Franchot dubious about long-promised Bethesda Metro South Entrance

By Christopher Goins

Chris@marylandreporter.com

Bethesda Metro escalators

Bethesda Metro escalators (Photo by ehpien on flickr)

A visibly skeptical and hesitant Comptroller Peter Franchot ultimately sided with the governor and treasurer on the Board of Public Works and approved $2.3 million of funding that went to the “fabled long-awaited” South Entrance to the Bethesda Metro station, as he put it. The entrance would connect the end of the proposed Purple Line to the Red Line.

The money towards the long put-off project was a part of $21 million approved for additional spending on seven active Maryland Transit Administration contracts in a Board of Public Works meeting Wednesday. It extends each contract by 18 months, including three contracts that collectively sent millions towards the Montgomery County Metro project.

Franchot wanted to make sure the contracts were “managed properly” and that the state is not “simply spending dollars because there are some hungry consultants out there.”

He noted that the proposed South Entrance to the Bethesda Metro station was discussed for years when he chaired a transportation subcommittee in the Maryland House of Delegates, prior to taking office as comptroller in 2007.

“Let me know if the south entrance ever gets built,” said Comptroller Peter Franchot

“I’ve been hearing and reading about studies on this south entrance for I want to say years,” he said. “It might be a decade,” adding that WMATA released a detailed analysis of the proposed entrance back in 2005.

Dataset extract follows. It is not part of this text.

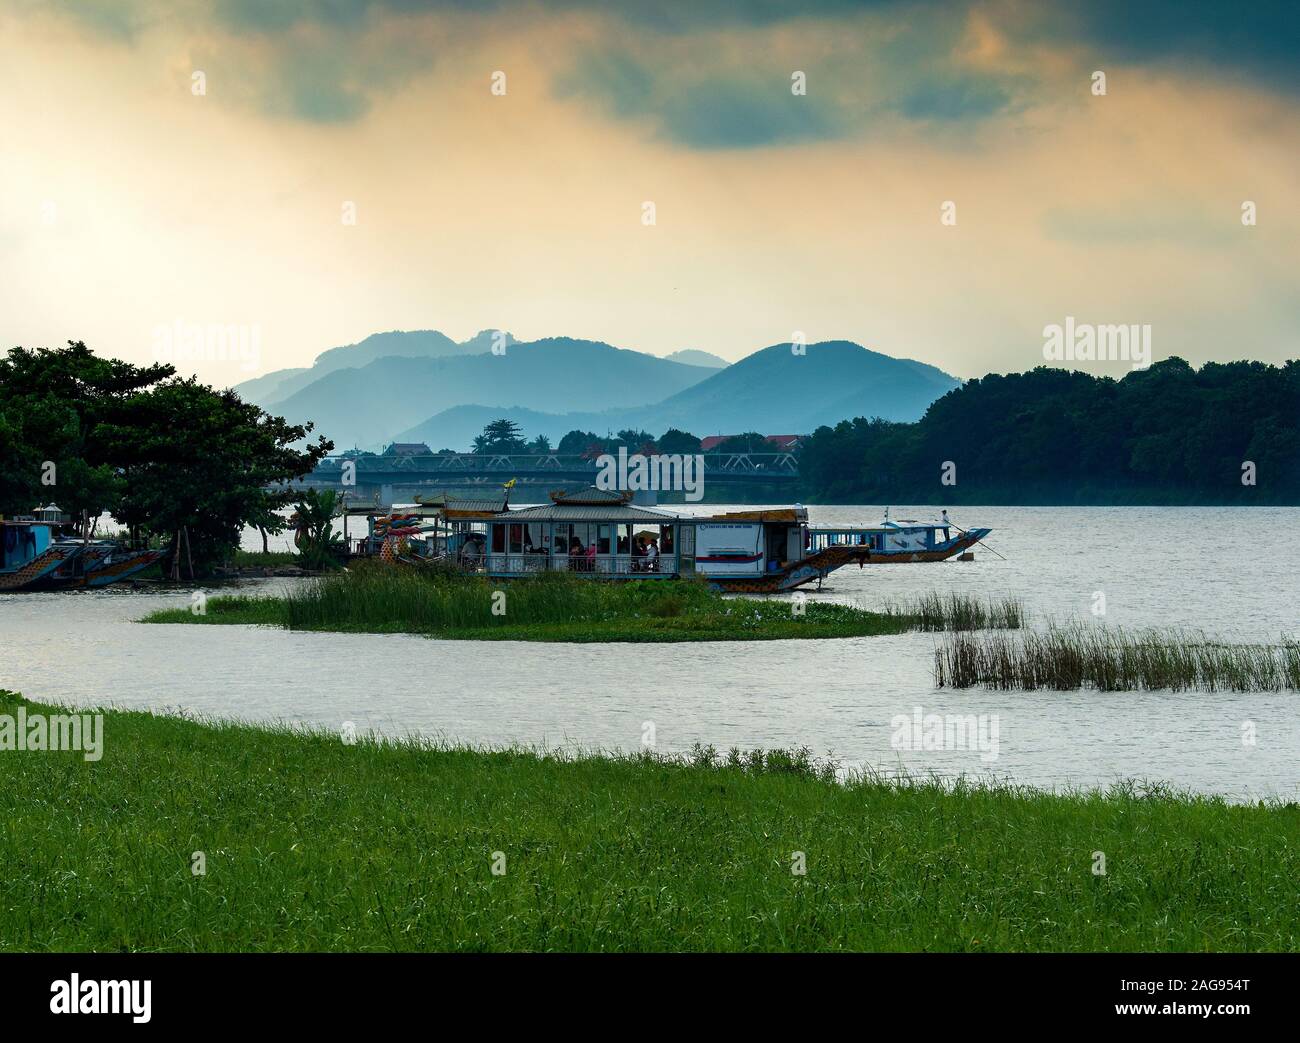 Bateaux à aubes amarrés sur la rivière des parfums à Hue, au Vietnam Banque D'Images

State money to pay for engineering, county funding construction

Henry Kay, MTA executive director of transit development and delivery, said that the BPW money will pay for the MTA will do the engineering for the entrance, and the county will pay for the construction of the entrance. On its website, the Action Committee for Transit, a Montgomery County transit advocacy group, states construction is slated to begin in 2016.

Transportation Secretary James Smith assured Franchot that funding would not be spent on redundant and wasteful studies.

The extension of contracts will help with projects the contractors have underway and “new project tasks throughout the final design of the contract for the MTA’s Office of Facilities Engineering, ADA and Sustainability Division,” according to the agency’s remarks in the agenda.

“Let me know if the south entrance ever gets built,” Franchot said moments before the board moved to approve the contracts.

Rummel, Klepper & Kahl, LLP; Whitman, Requardt & Associates, LLP; and Parsons Brinckerhoff, Inc., all of Baltimore, will be working on projects related to the Bethesda Metro south entrance.